What the task asks:
Please repeat, exactly and without pictures, the lines of the entries below that run from the one containing "Close up green lizard eye Banque D'Images" through the one containing "The old sawmill in Kirtland, Ohio.".

Source records:
- - - - - - -
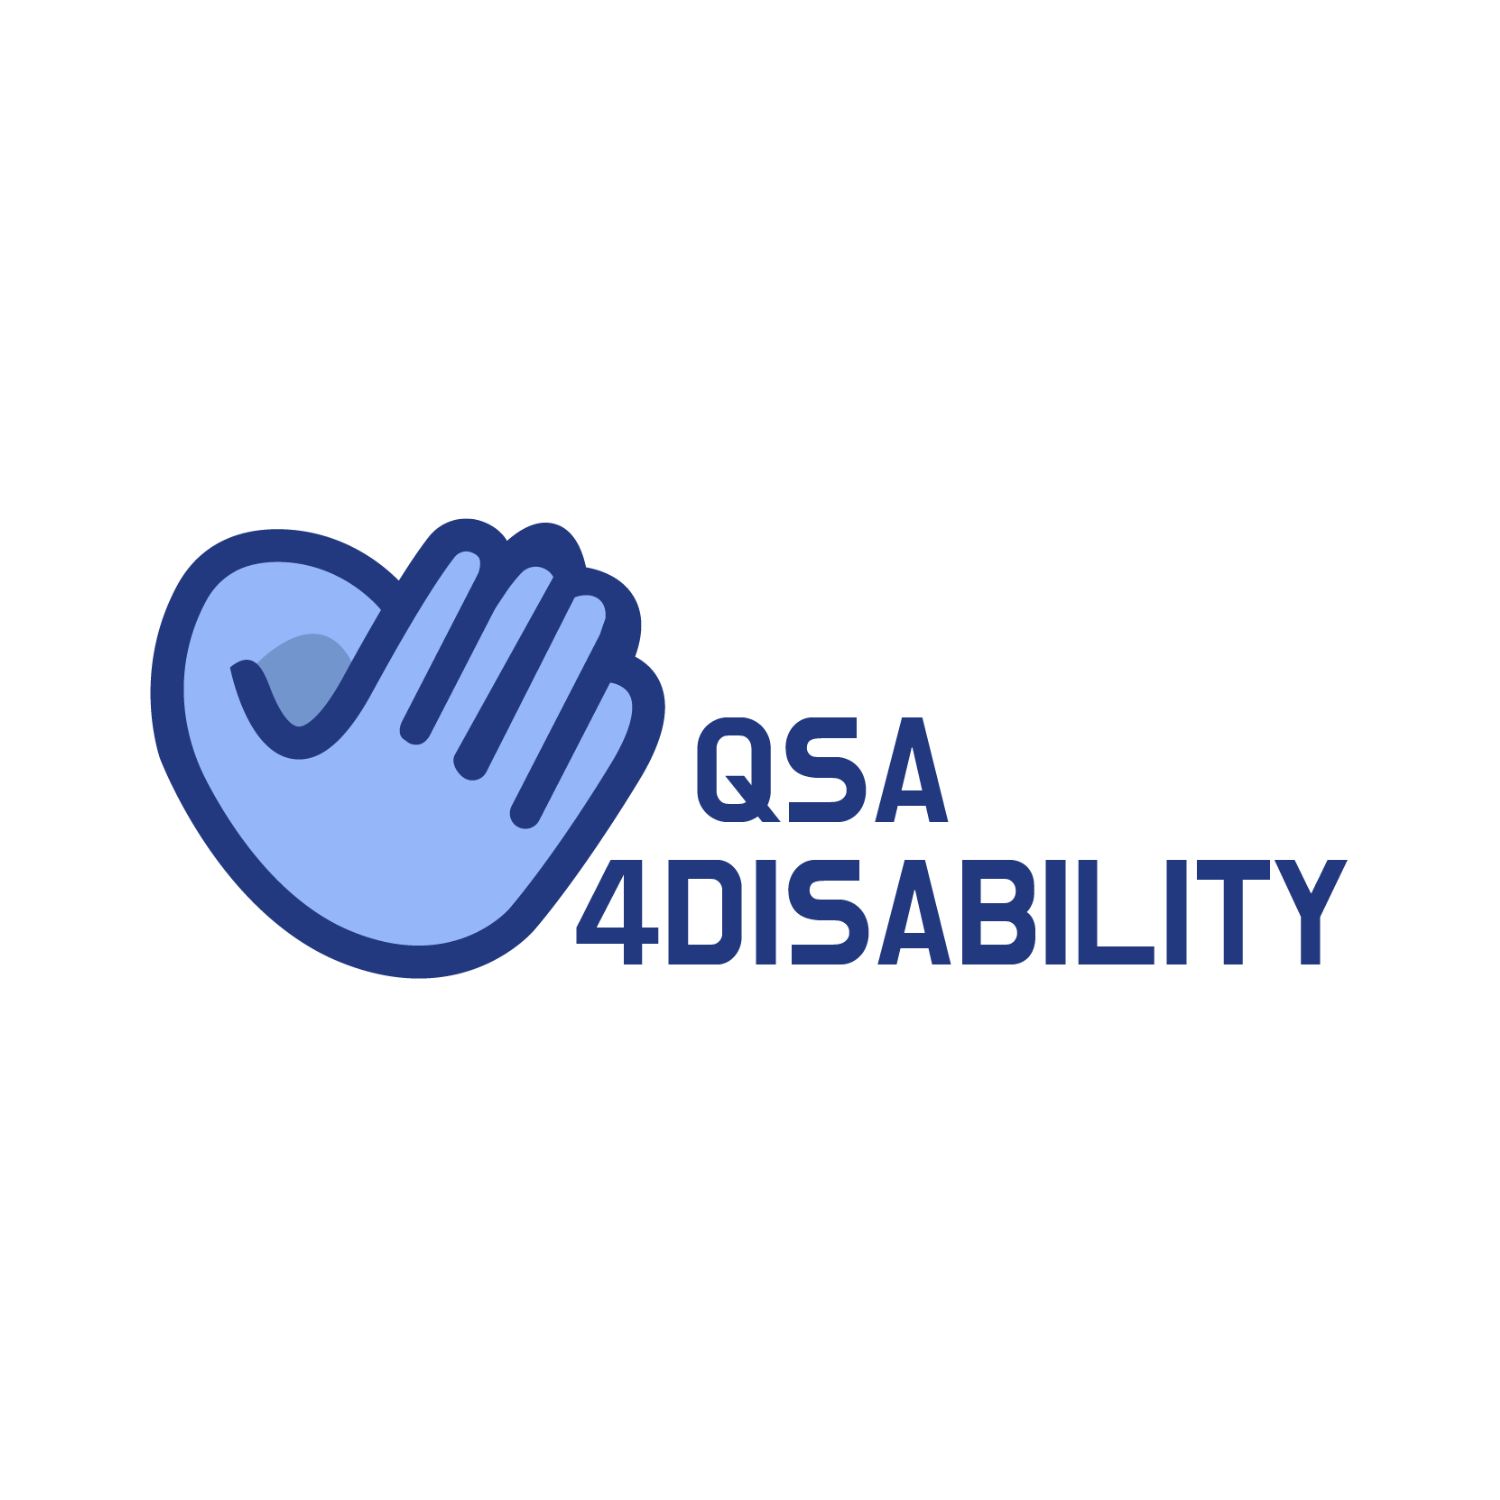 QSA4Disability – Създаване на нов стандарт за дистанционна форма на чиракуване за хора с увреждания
- - - - - - -
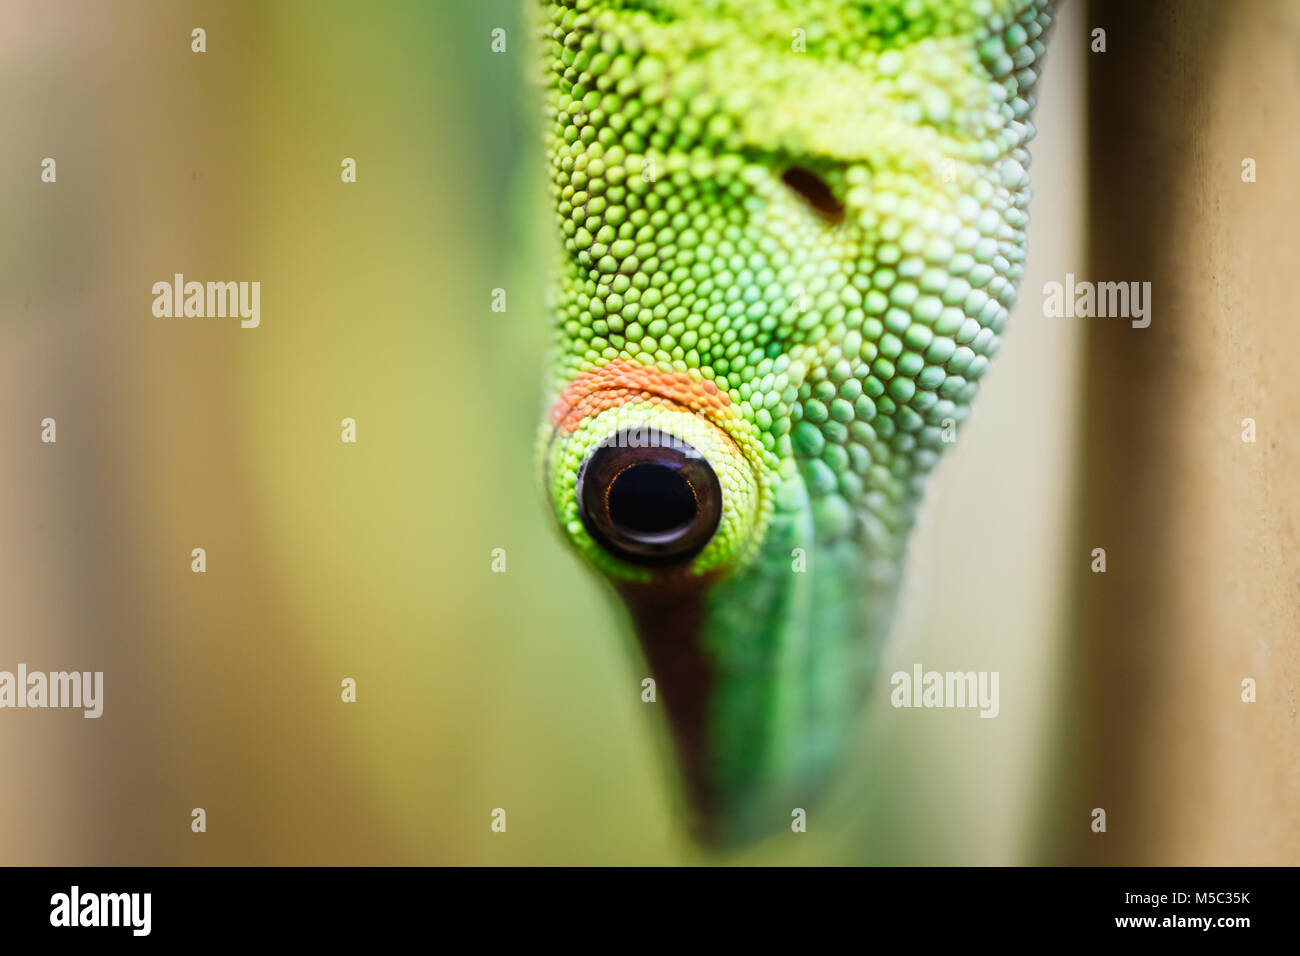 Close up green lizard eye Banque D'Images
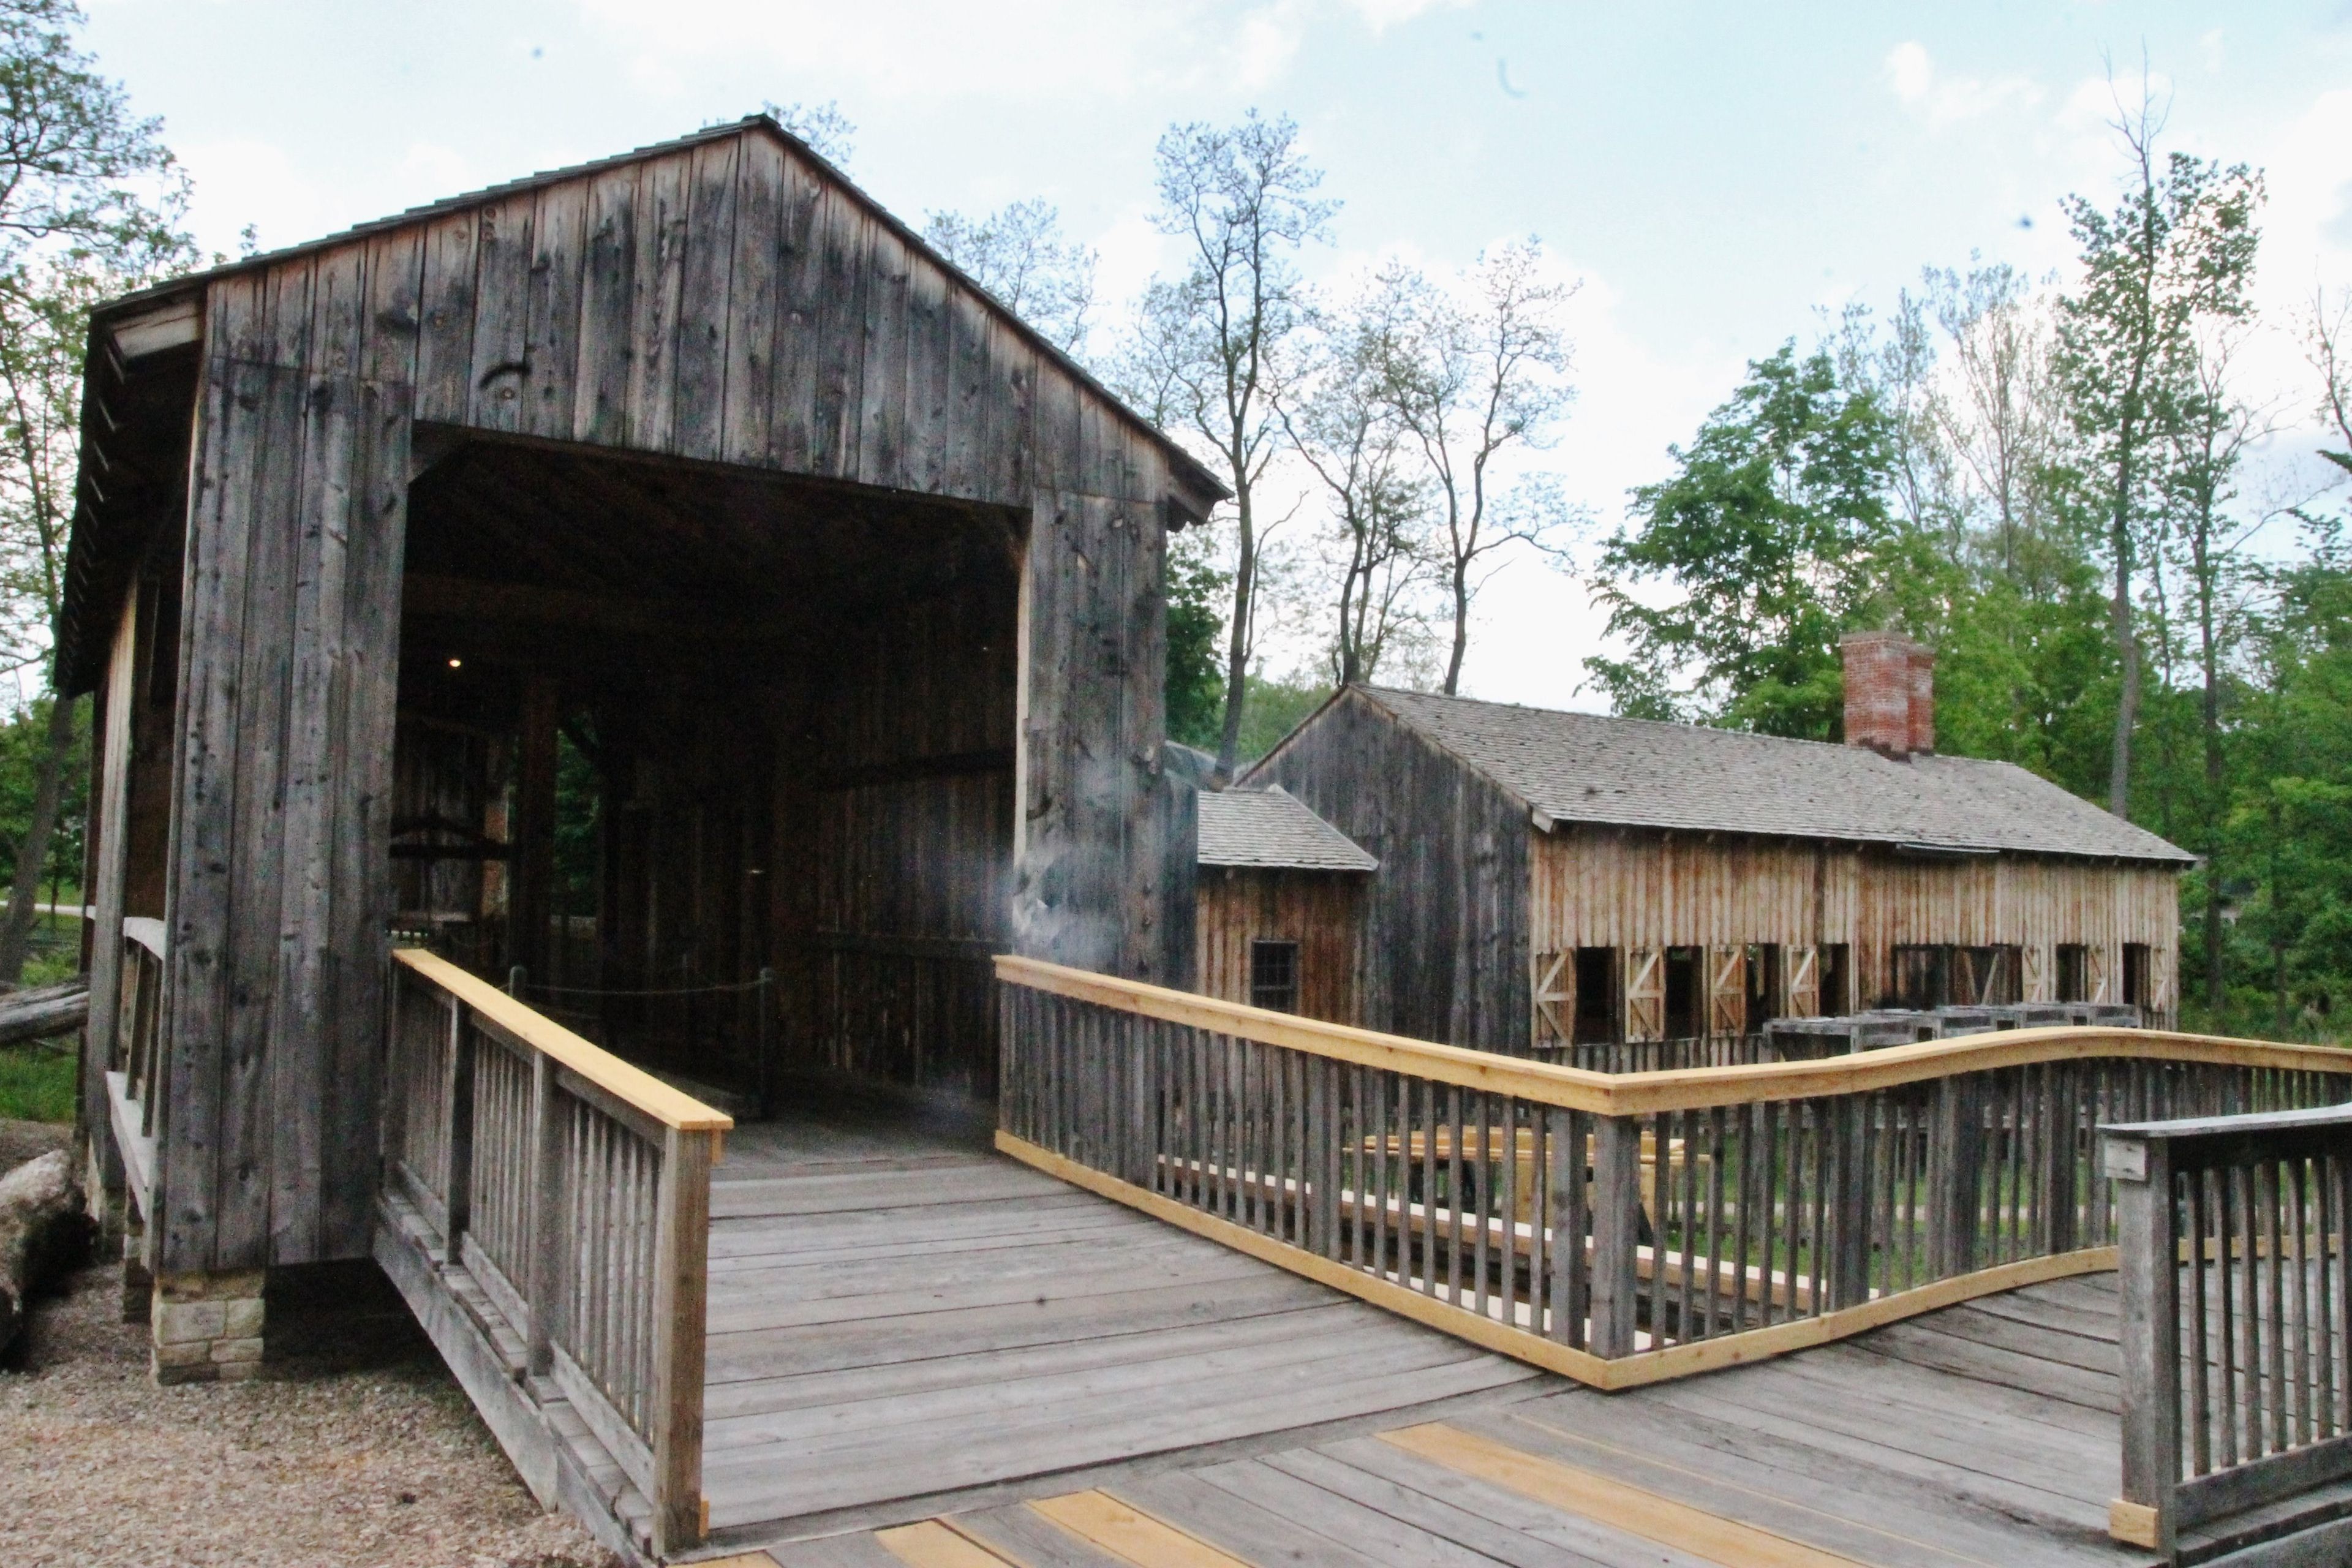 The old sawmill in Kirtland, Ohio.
- - - - - - -
Solution to this task:
 Close up green lizard eye Banque D'Images
 The old sawmill in Kirtland, Ohio.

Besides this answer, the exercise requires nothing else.